When war between Germany and the Soviet Union broke out, military conscripts retreated together with Soviet authorities as did a few Jews who were known Communists. The Russians did not try to persuade Jews to leave the city. Practical possibilities for evacuation were closed off; roads were sealed by the army and were bombed by the Germans. Up until the Soviet authorities and army departed, a hostile atmosphere toward Jews prevailed. Ukranian nations organized their own militia, spread anti-Semitic slogans, and cited the Christian populace to reprisal, plunder and rioting. On the pretext that the Jews had collaborated with the Soviet police in the murder of Ukrainians, Jews were ordered to exhume the bodies of 12 prisoners who had been shot by the Soviets in the prison yard. To prevent harm to members of the community, Jewish youths gathered at the Community Center and organized themselves into night patrols. Jews were afraid to go out into the street. From all over the surrounding area, and even from Bukovina across the Dniester, wagonloads of Ukrainian farmers streamed into town to plunder the property of Jews. Armed with axes, the farmers and the urban mob broke into Jewish homes and shops and destroyed a pharmacy. Only the intervention of the Greek Catholic priest, a group of Baptists, and some decent Ukrainians in Mielnica kept the looting from becoming pogrom. Especially great bloodshed took place in the village of Volkovca. Bodies of murder victims floating on the Dniester were retrieved by the Jews of Mielnica and buried in the cemetery.

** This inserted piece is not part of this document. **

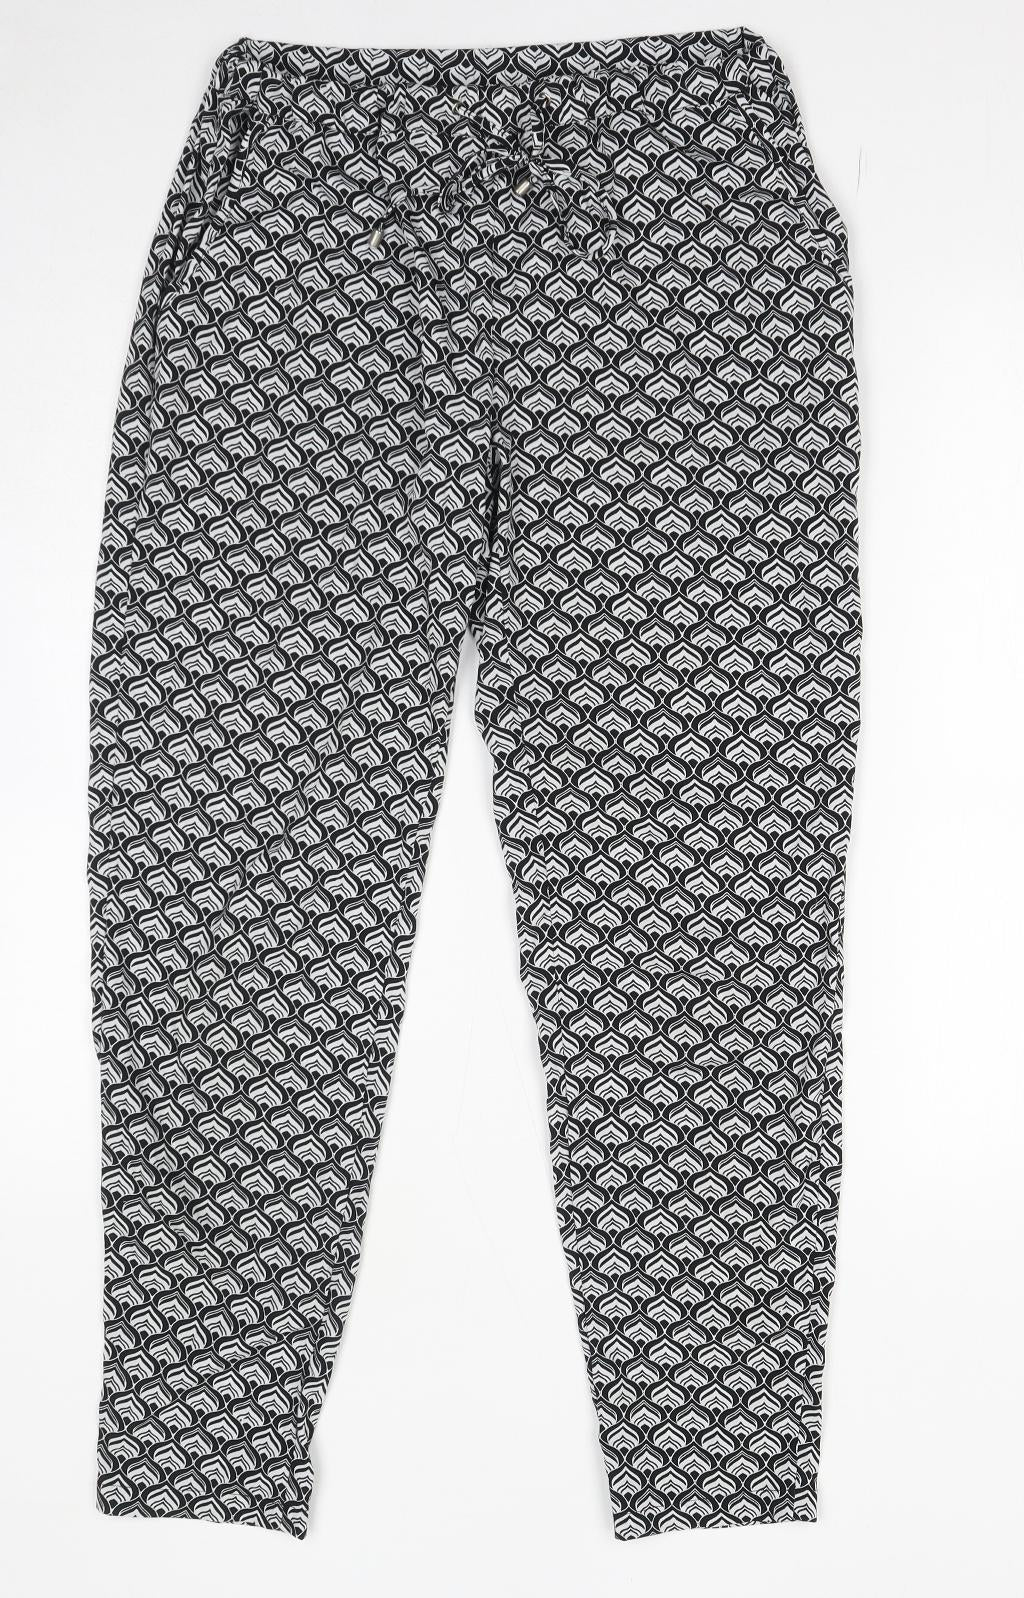 New Look Womens Black Geometric Polyester Harem Trousers Size 10 L28 in Regular Drawstring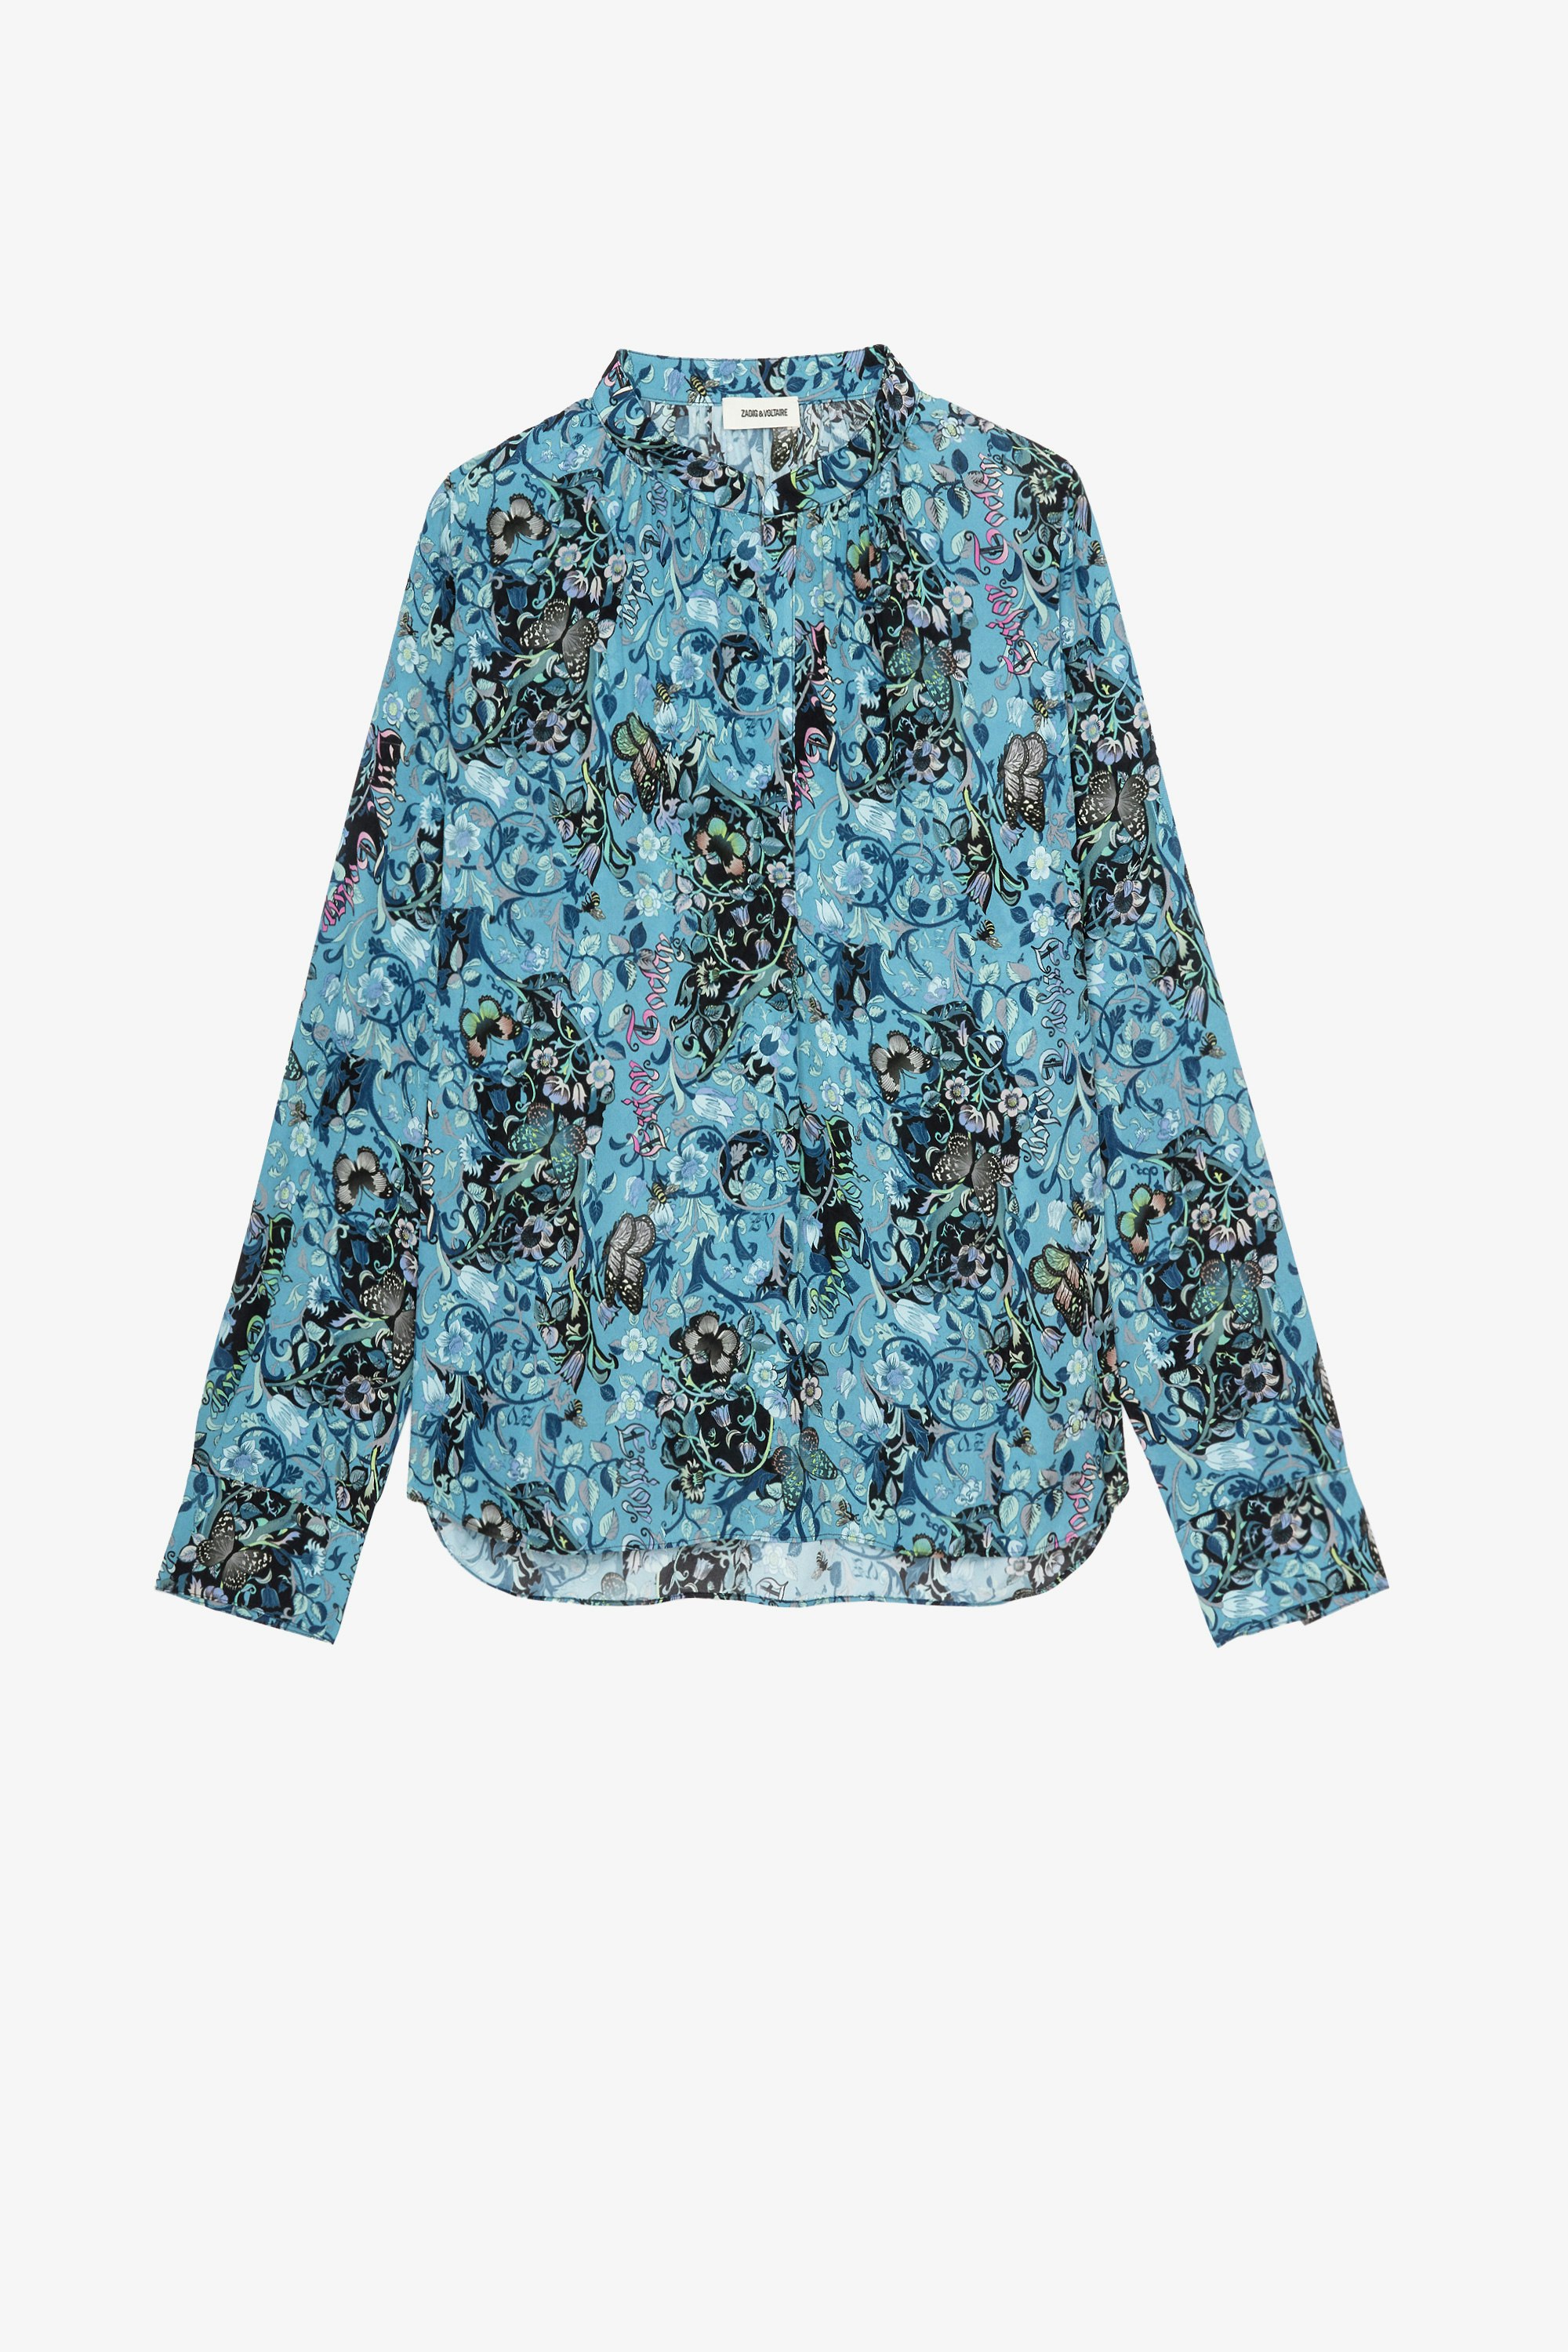 Tink Bohemian Shirt  Women's satiny blue shirt with floral print

After several days of general anarchy, on July 8, 1941, the Hungarians entered Mielnica and established a large military presence in the city. Officers took up residence in Jewish homes, treating Jews with a decency comparable to that shown Christians, and often sharing food with their hosts. The Hungarian command imposed order and put an end to killing, looting, and housebreaking. The farmers who had come into Mielnica from the surrounding area were dispersed. In exchange for this, the Hungarians demanded that the Jews supply them with food and goods, and coerced them to serve and work for the army. The following representatives of the Jewish council which had been organized in those days maintained contact with the Hungarians: David Mancer, Leibush Schwarcz, Rabbi Donner, Ch. Feuerstein, Richter the pharmacist, and Moshe Kopler.
Suddenly, after two weeks of calm, the Hungarians arrested and incarcerated a number of Jewish men and women on the eve of July 17, 1941. This arrest was carried out following denunciation by the Ukrainians, who brought the Hungarians a list of alleged Communists in town - 146 Jews and 4 Ukrainians. The prisoners were treated very rudely but were released after a short time, evidently through the intervention of the Jewish delegation with the Hungarian commander.
The Hungarians brought to Mielnica several truckloads of Jewish refugees from Carpatoros. These refugees were starved and weak, shoeless and threadbare, and had been robbed and beaten on the way by the Ukrainians. The Jews of the town aided the refugees as much as their means allowed, inviting them into their homes, feeding them, and collecting clothing for them.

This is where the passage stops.